MARGARET had finished her father's picture, and interest had been made for it by her father's friends.  It had been received and hung, and appeared in the catalogue as the work of Reginald Bertram, finished by his daughter.  It sold too, and for the £50 at which it was priced, and Margaret felt more than encouraged.  She planned a picture of her own, but she was wisely working at lower work as well, working and learning too.

    This time she had no subject cut and dry—no materials ready to be worked up—subject and materials had alike to be furnished out of her own heart and brain, and her own slender stock of knowledge and experience.  She was entering the boundless domain of art, in which truth is the only guide.  And that the voice of truth maybe heard, all earthly voices must be silenced.  Injustice, worldliness, above all, bitterness must cease.  The artist must be as the Christian who approaches the chief mystery of his faith—he must be "in perfect charity with all men."

    "Nature interpreted by love is art," and where there is no love there is no art.

    There is a radical difference between work and art, between the artist and the workman, though the workman may have the help of art, and the artist must have the help of work.

    She found it harder work than she had anticipated, for she did listen for the voice of truth.  She could not and would not paint what was not true.  But she was resolute, and sat on day after day, her thoughts sometimes as blank as the paper before her, till at length the images she had conjured up took shape and began to live in the sketch before her.  Day after day she laboured, scarcely allowing herself time for meals.  The summer ripened into autumn, and the shortening days, and morning and evening chills, began to foretell the coming of winter.  She occupied what had been her father's studio, at the top of the house.  Up there, with her task, she led a life so separate that she failed to note the little movements that were going on around her—the preparations for coming change.  The scenes of life will often appear to shift with phantasmagoric suddenness and completeness, when, if we had noted the process by which the change was accomplished, it was slow as the growing of the wheat.

    Margaret did not notice, for instance, that Mr.
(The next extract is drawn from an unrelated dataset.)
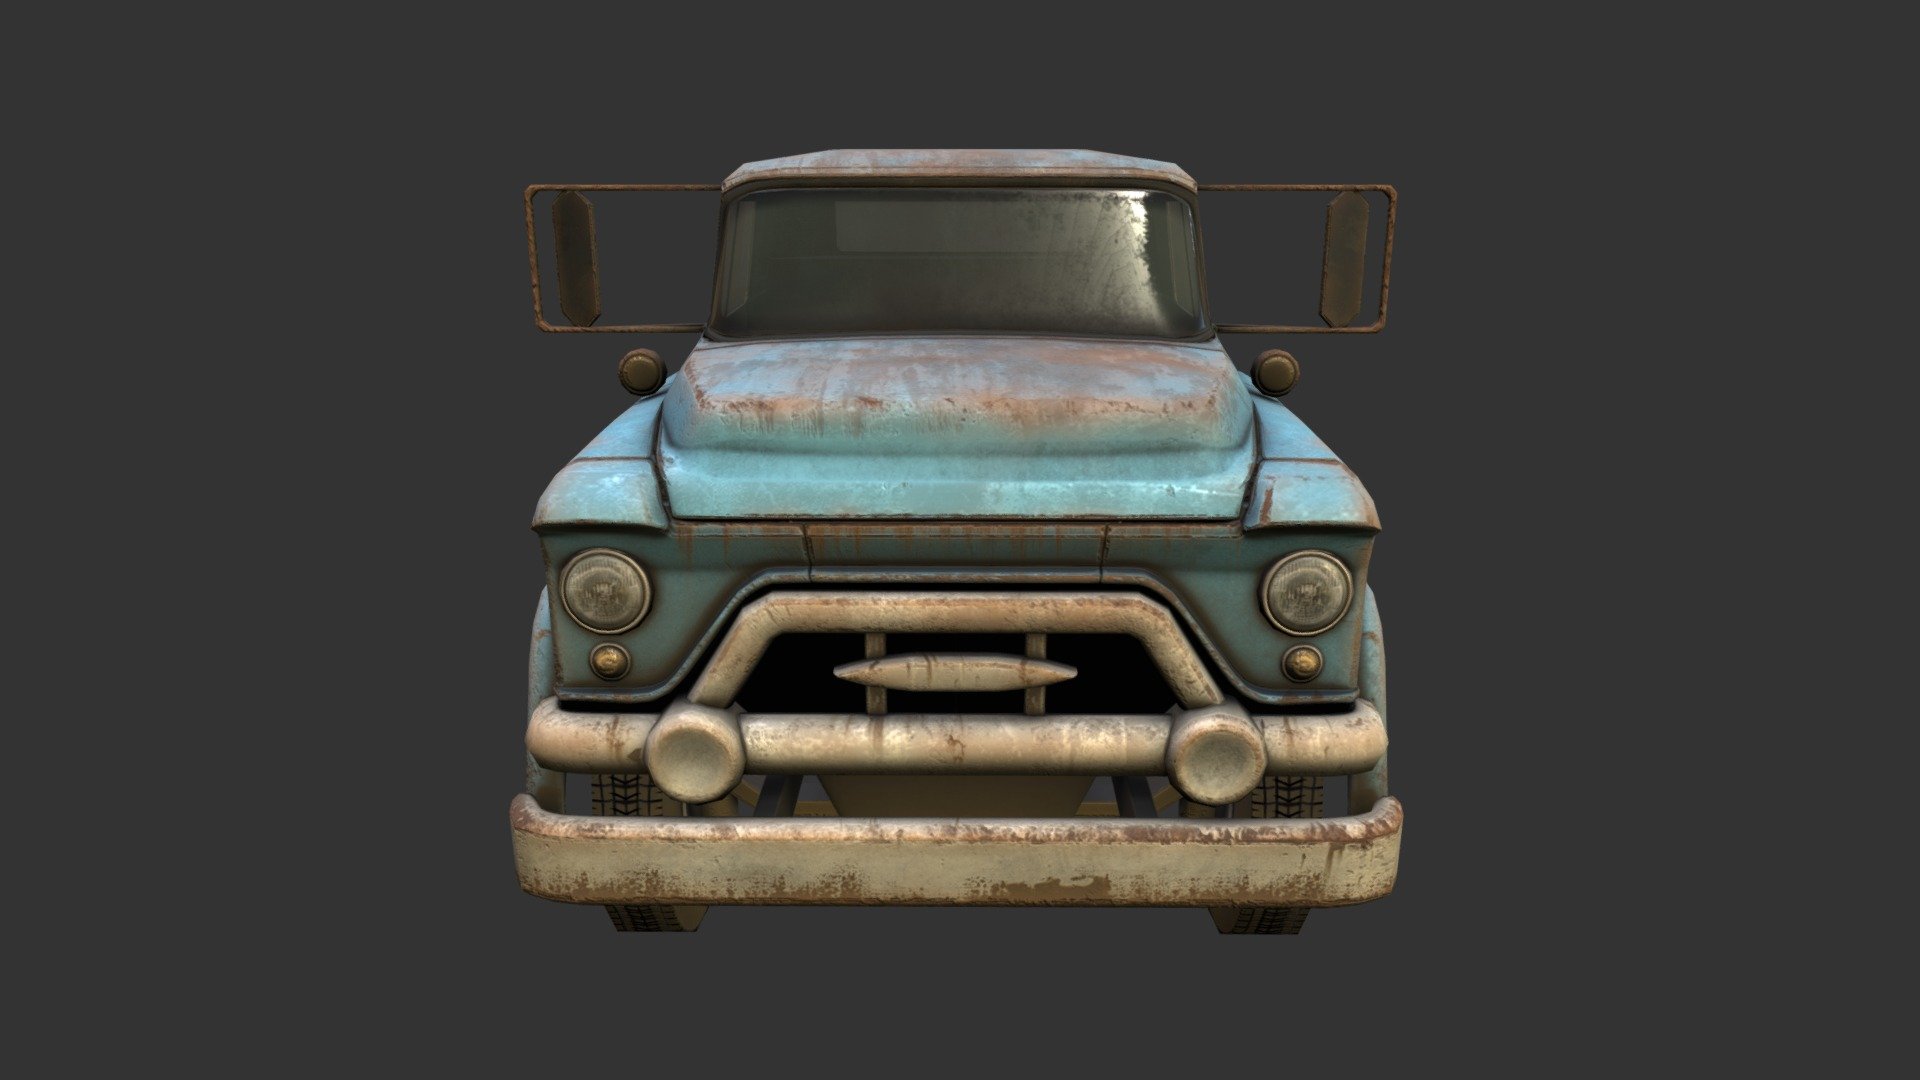 An old 1950's heavy truck, it's a work in progress, I still need to make different bed types for it. Anyone here have suggestions as far as what I should make for them?

Made with 3DSMax and Substance Painter - 1957 Truck WIP - 3D model by Renafox (@kryik1023) 3d model

Grey's footing in the family was becoming more and more friendly—nay, intimate—till one day her mother told her that from being only a lodger and outside the family life, as if were, he was to become a boarder, their daily companion at table and in all their hours of leisure and of rest.

    It was a far more convenient arrangement for her, Mrs. Bertram demonstrated.  Mr. Grey was willing to pay handsomely for the privilege, and she should be able to keep a servant and get rid of the constant drudgery which she underwent, to do her justice, without a murmur.

    Margaret acquiesced, as a matter of course, though she shrank from the idea of sharing with this stranger the sacred home life—doubly sacred since it had been visited by death, which in removing the chiefest link had but drawn the circlet closer.  But she soon became reconciled to Mr. Grey as to any other daily fact.  Indeed, his presence was beneficial in more ways than one.  The family meals were pleasanter, setting aside the material improvement.  They were more carefully prepared and better served.  They sat longer over them, and made them more of a relaxation than they were wont to be.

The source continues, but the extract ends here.